You read this all the time on ad campaigns of cellular companies “fair usage policy applied”. The very much is true for 301 redirect option search engines like Google & Yahoo provide you so that you don’t lose the effort you did on pages or domains that you are not going to use anymore. The best way to do a redirection of your old domain or URL to a new domain or page is using 301 redirect, which is in accordance with the SEO principals and doesn’t hurt your SEO effort on such changes. That’s the primary or “fair” use of 301 redirect as opposed to 302 direct which means the page has moved temporarily. 301 redirect tells the search engines that a specific URL or domain has been moved permanently to a new location and thus clicking on the old link that you find during your search will take you to the new redirected page instead of giving you a 404 error page.

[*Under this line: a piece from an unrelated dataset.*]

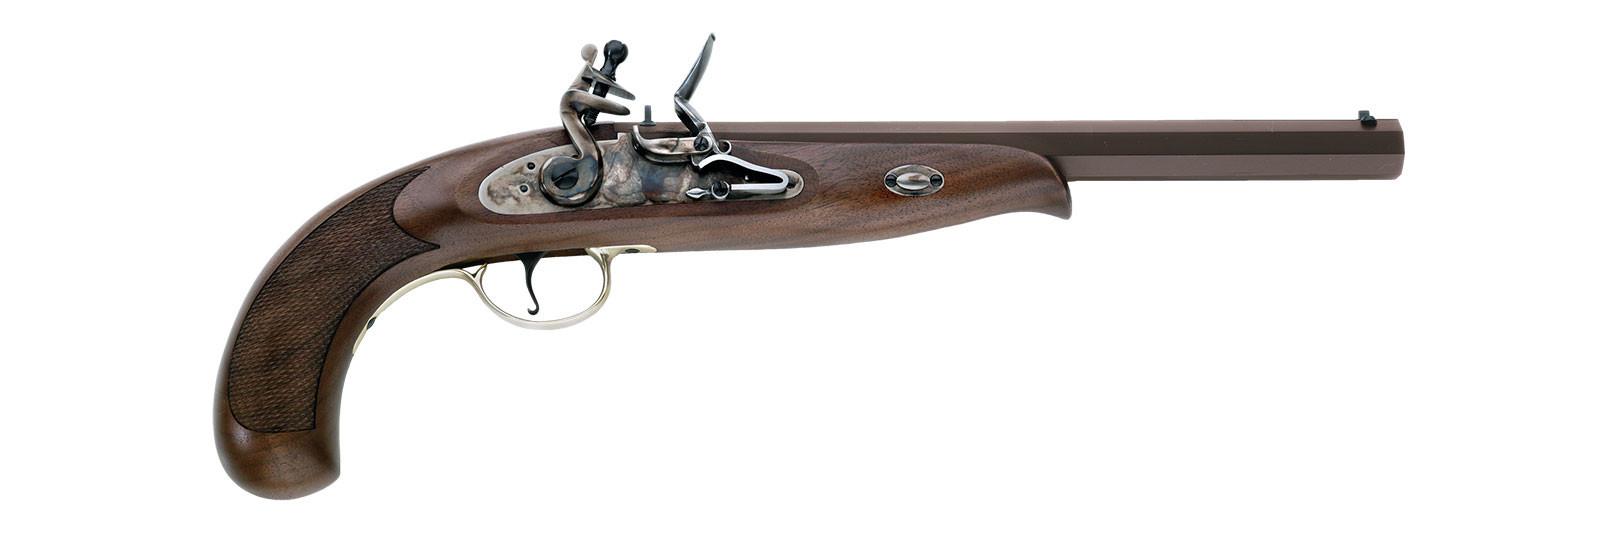 Continental Duelling Pistol flintlock model

301 redirect is very handy technique and used quite often by many webmasters to point their old sites to a new domain, multiple domain names to one main domain (for example xyz.net to xyz.com), or a URL that is no longer working or required in a domain but has been indexed by search engines and still bringing some traffic. I had experience of using 301 redirects in the past on several of my sites when I developed for example subdomain instead of a folder for a particular keyword. Also, I do run a job portal and once we moved the whole site to a new technology, it was quite tough to synchronize all these pages to the new ones and there were thousands of job URLs appearing on the first page of Google for long-tail phrases (specific jobs in specific location etc). So the best way out for me in that case was to make a 301 redirect of all the old site pages to the new site homepage assuring at least that the customer landed on my new homepage instead of receiving a 404 error page which could be major turn-off for a first time visitor. However, I had to mention through a pop up message screen that the site structure and URL has been changed so a visitor doesn’t feel that he has been taken to a wrong page.
Coming back to “fair policy usage”, many websites exploit this handy technique for their notorious black-hat SEO purposes. They would rank for some pretty easy keyword which has high search volume and then will redirect this page to their original product like Viagra or Weight Loss. This is done by placing a snippet of JavaScript code on your HTML page code. By this method you can specify number of seconds before the visitor is automatically redirected to another page (in your golden days, you must have experienced this on those porn sites where there is a chain of redirects and if your teacher or parents enter there is no way to get rid of all those screens J). The problem is that search engines don’t like it and tend to penalize such URLs ultimately making search engines work much more tough in estimating fair usage of 301 redirect. So if not being used fairly, the 301 redirect one day may become a technique that is not approved by search engines for legitimate SEO and thus all those fair users would become victim of such restrictions.
On the positive side of it, many of SEO webmasters use 301 redirect to strengthen the link building authority of their landing page by redirecting several of their authority pages of different backlink profiles. As said earlier in my “think human, think Google” post, that it’s better to be natural and do things the way they should be done. As 301 redirect was not made for bringing link strength from different pages to a landing page, in my opinion using such technique, even though its allowed and being practiced widely, should be avoided. This is just to make sure we don’t annoy search engines with our derivative of benefits where we will bear the brunt with unexpected algorithm changes all through the year and no one will know legitimate from illegitimate in SEO best practices.
One last point to consider while you are doing a redirect of multiple pages to your landing page, that all the anchor text used in backlinking profile of all these pages must be present on the new redirected page, at least in the content, if not in the META. This way, the least I can assure you that you will not lose the affect of your linkbuiliding strength coming from multiple pages that were redirected to your landing page. Just to make it easy, for example if you have this page abc.com/my-product.html that has a backlink with an anchor text “my product” and you are redirecting it to your main page abc.com. Just make sure that the phrase “my product” is there in the content of the homepage. This will help you maintain your SERP for that keyword and preserve 90-99% of backlinking profile of 301 redirected page.
To conclude, the only fair usage of 301 redirect is when you are moving a URL or a domain name permanently to another URL and not to strengthen the landing page authority by using the backlinking profile of the redirected pages. Let’s give search engines chance to develop more user-friendly technology for the net surfer rather than fighting unfair usage and twisted SEO efforts adopted by many of us.